----- Entries shown

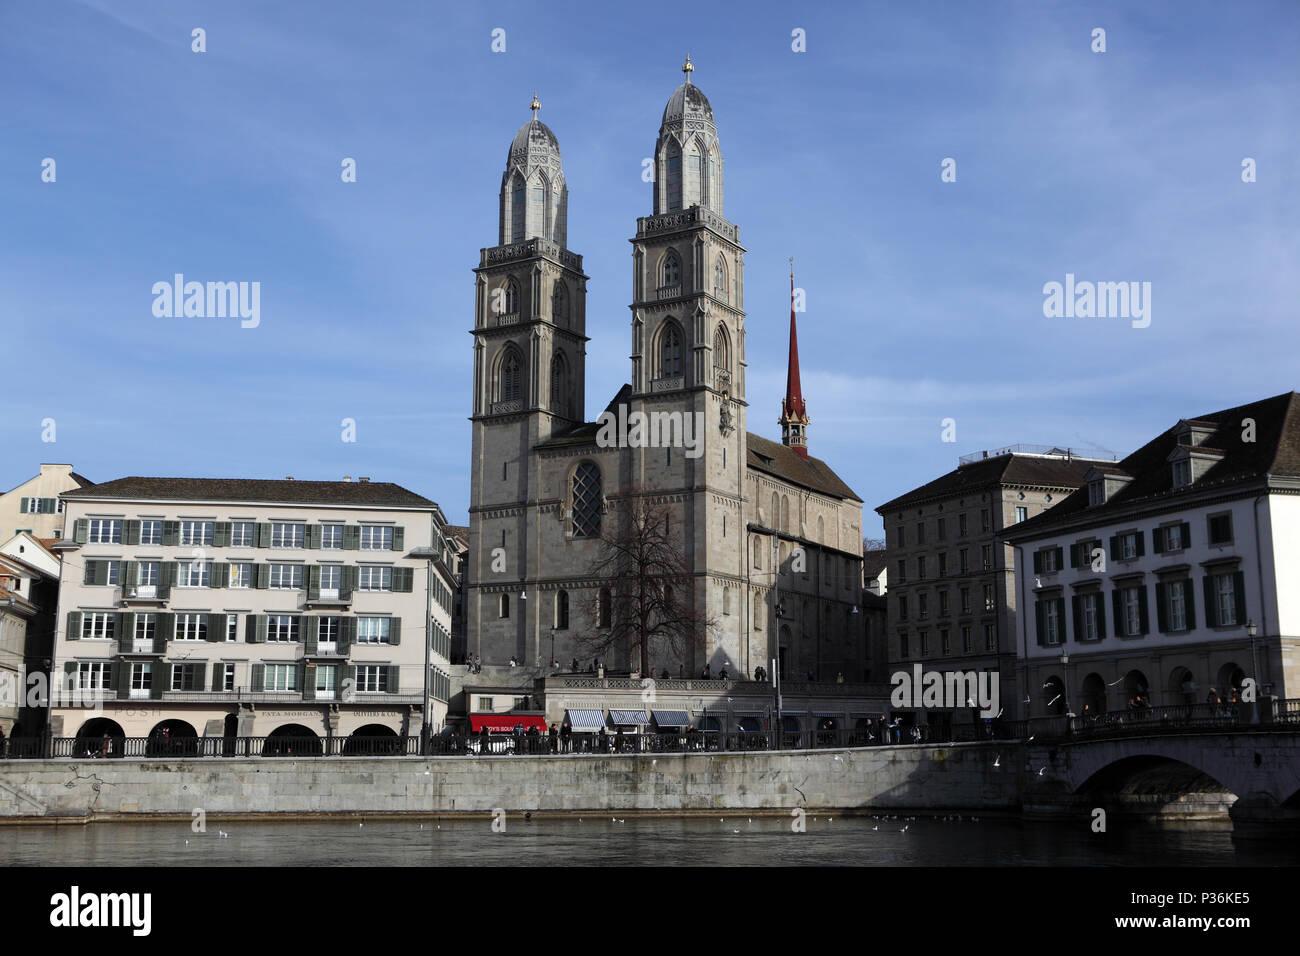 Zurich, Switzerland, the Grossmuenster on the Limmatquai - Stock Image
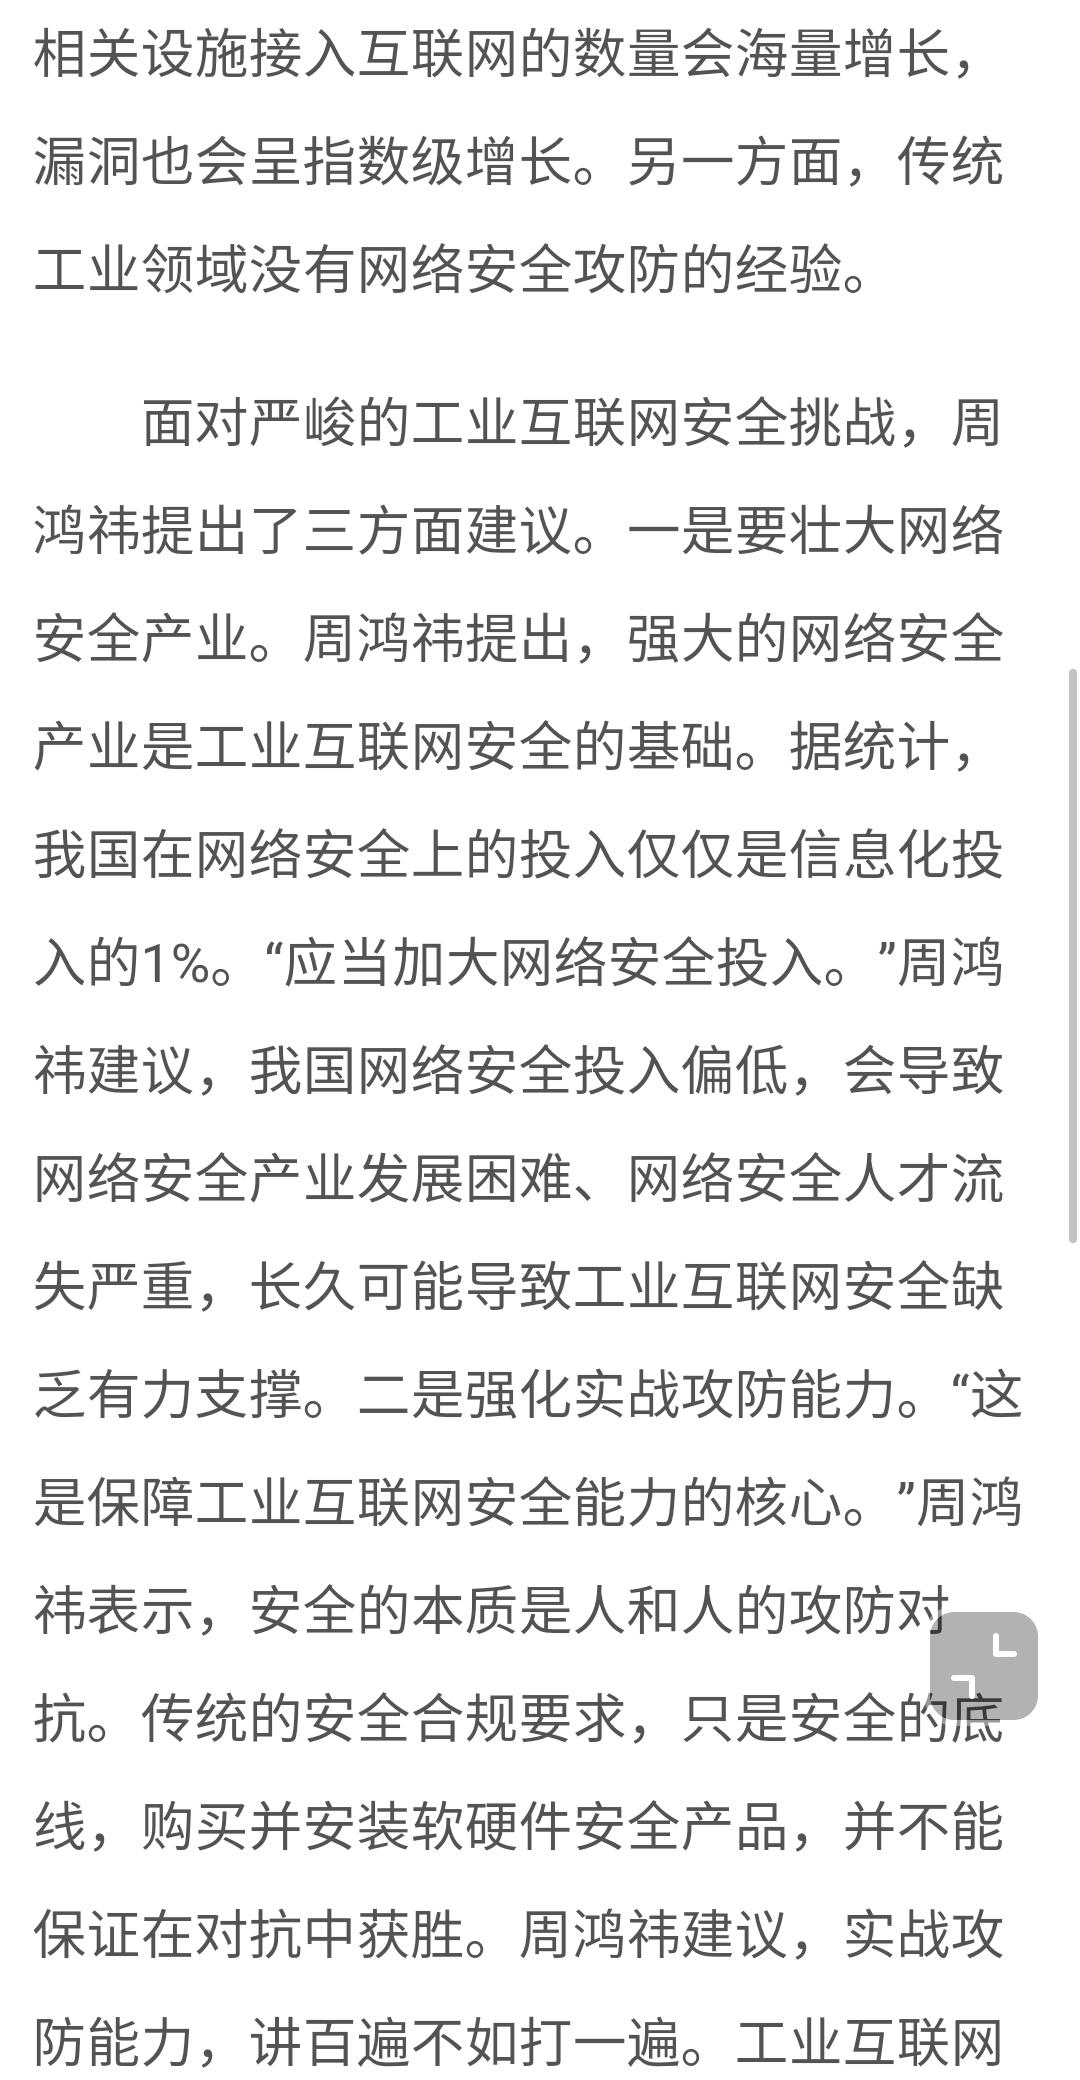 Screenshot_2020-05-23-04-51-50.png
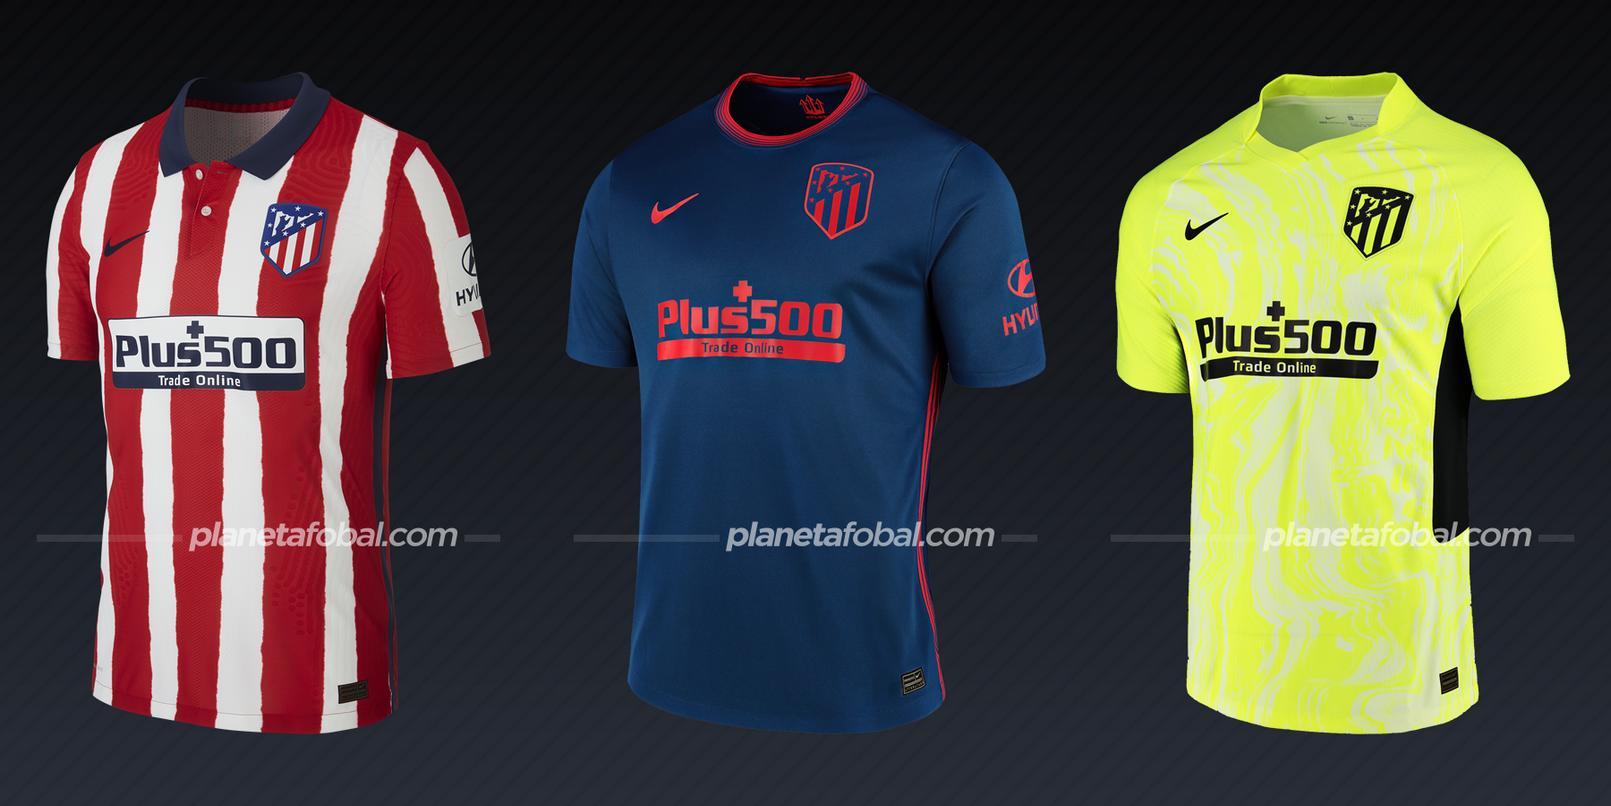 Atlético de Madrid (Nike) | Camisetas de la Champions League 2020/2021
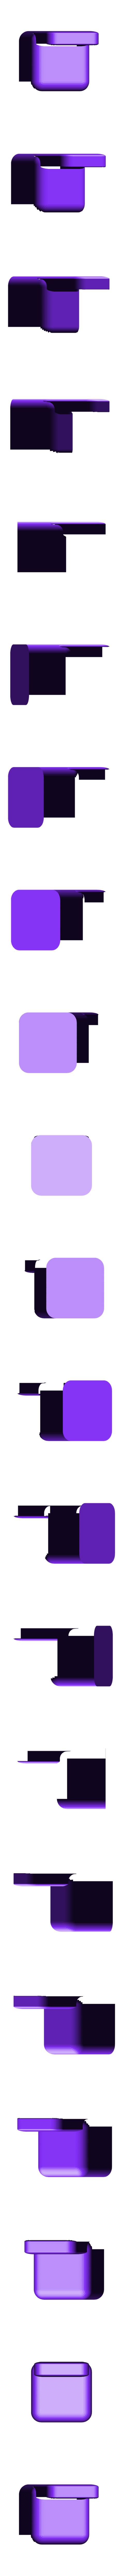 seat.stl Download free STL file Flying Saucer • 3D print model, NohaBody
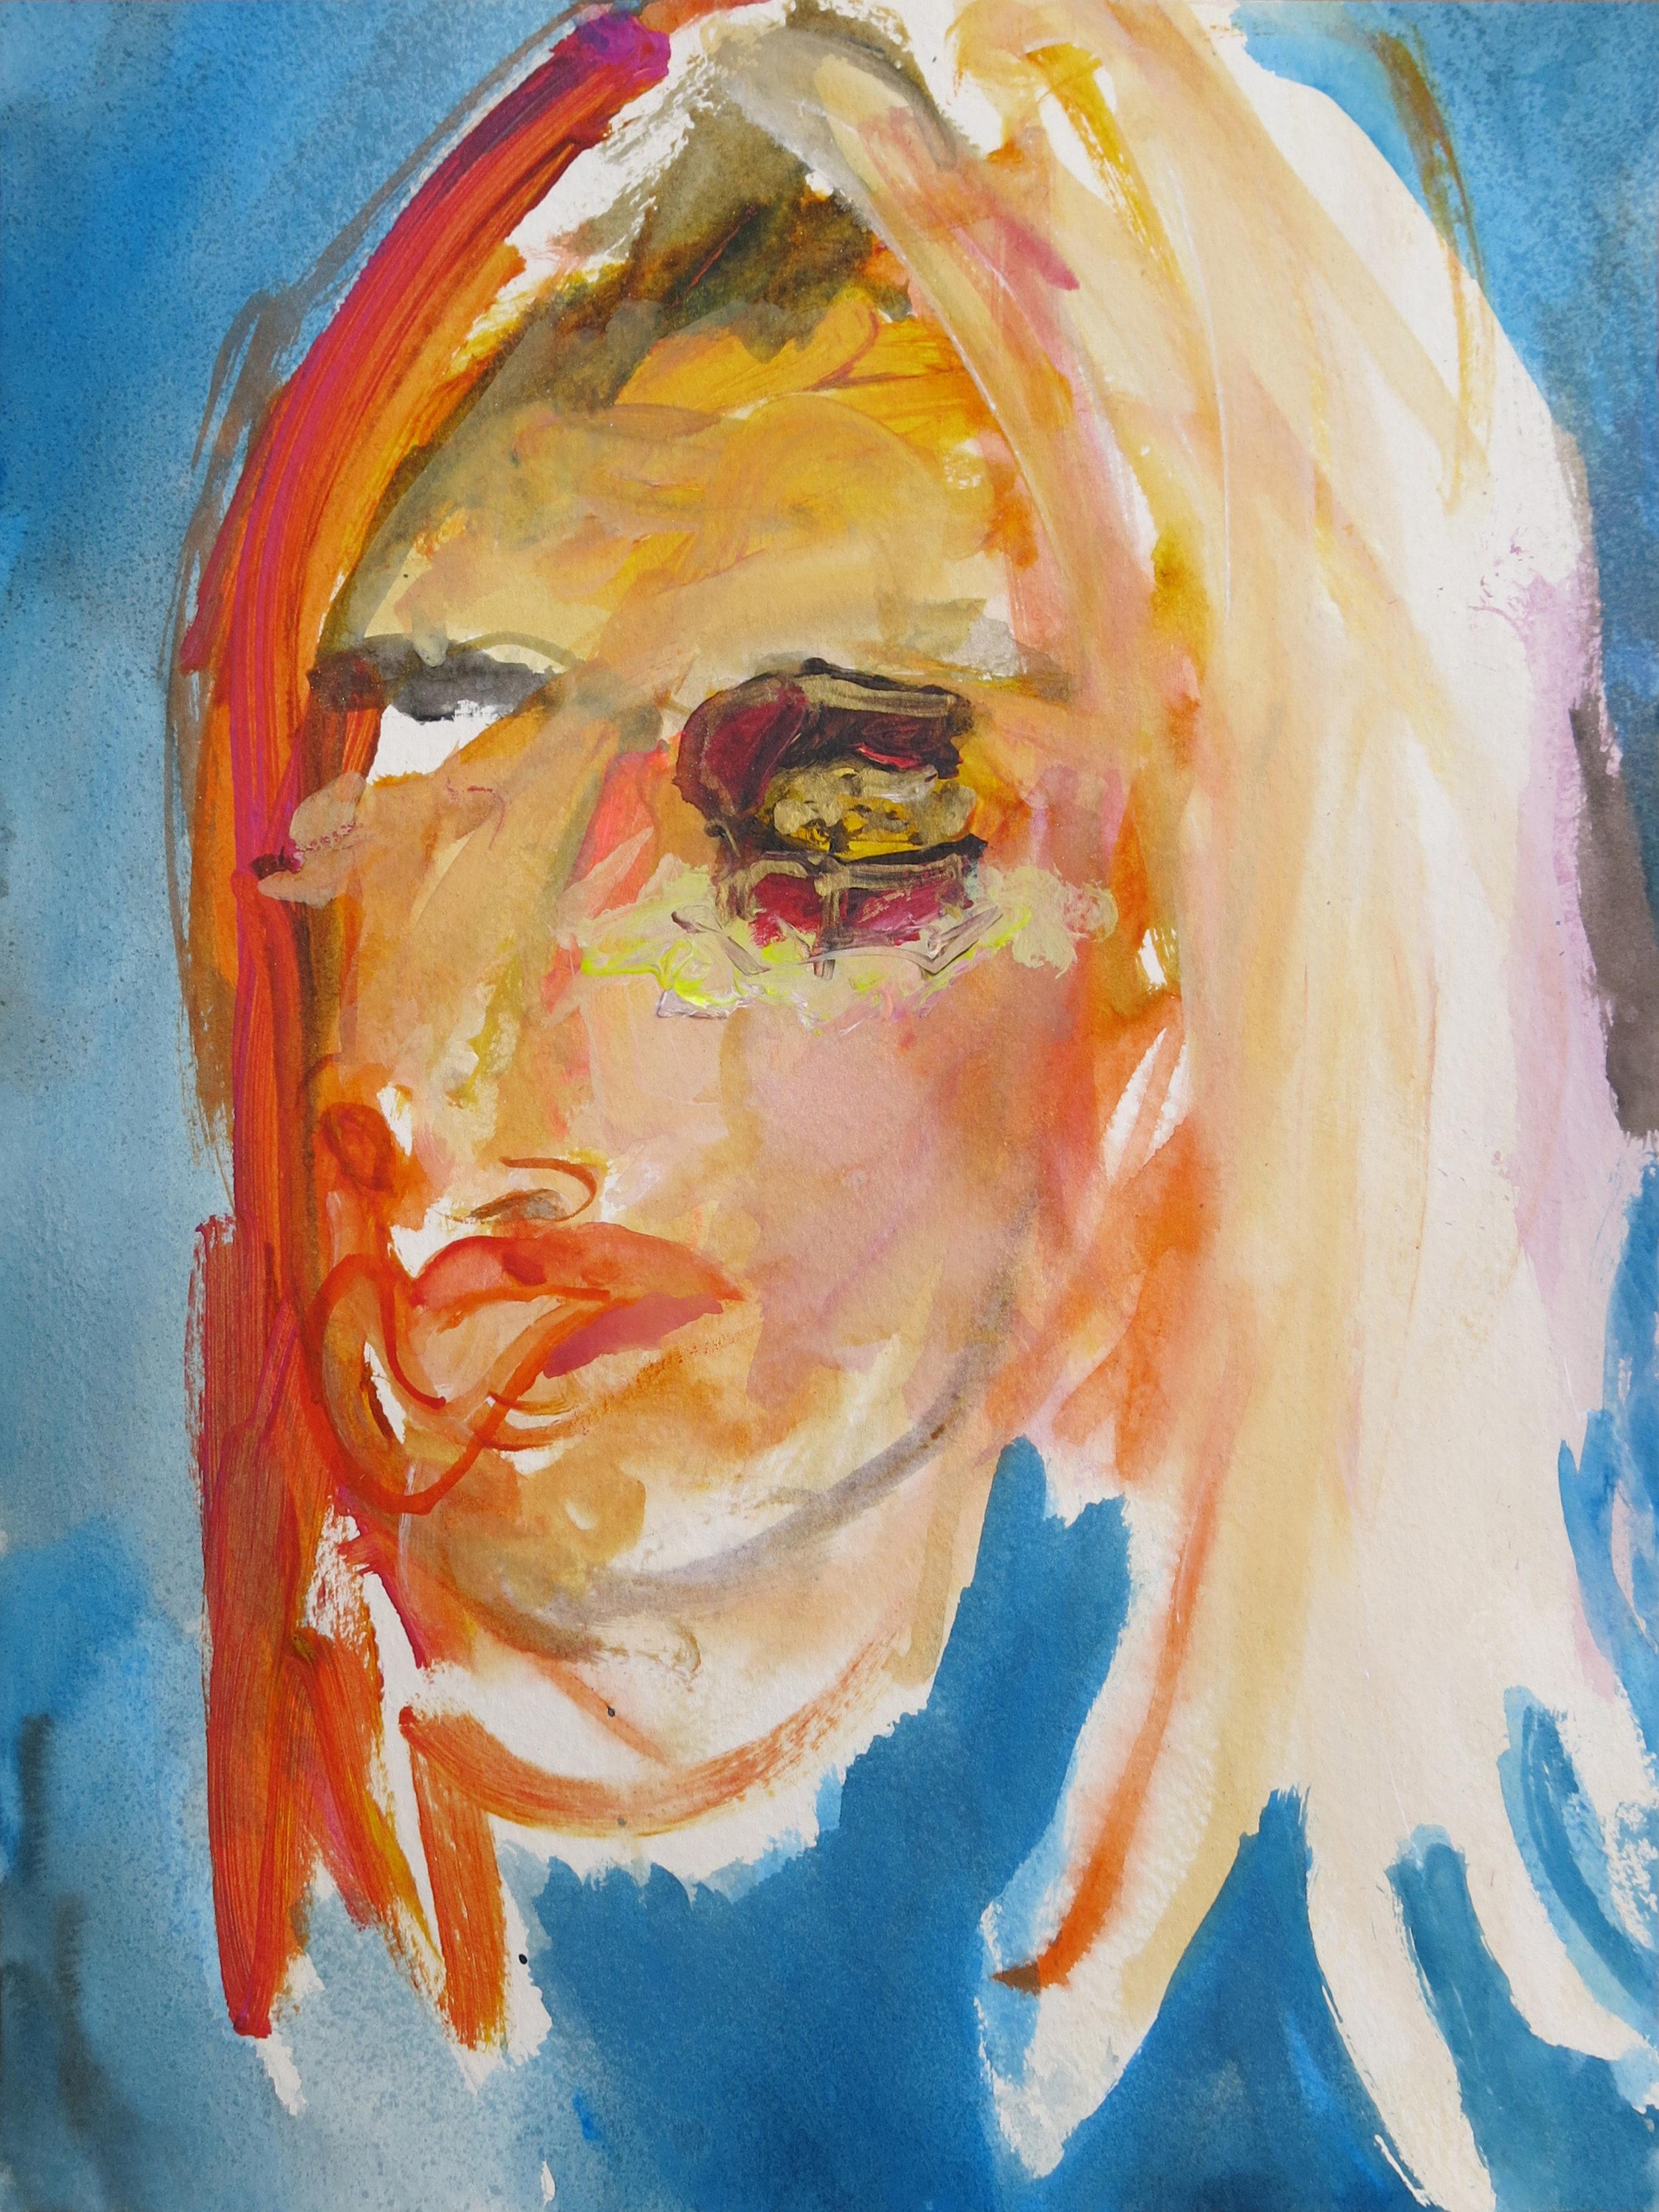 Barbra Streisand Portrait #214

----------

(Task) Repeat the records word for word. Any picture in them should be left out.

(Answer for the task)
 Zurich, Switzerland, the Grossmuenster on the Limmatquai - Stock Image
 Screenshot_2020-05-23-04-51-50.png
 Atlético de Madrid (Nike) | Camisetas de la Champions League 2020/2021
 seat.stl Download free STL file Flying Saucer • 3D print model, NohaBody
 Barbra Streisand Portrait #214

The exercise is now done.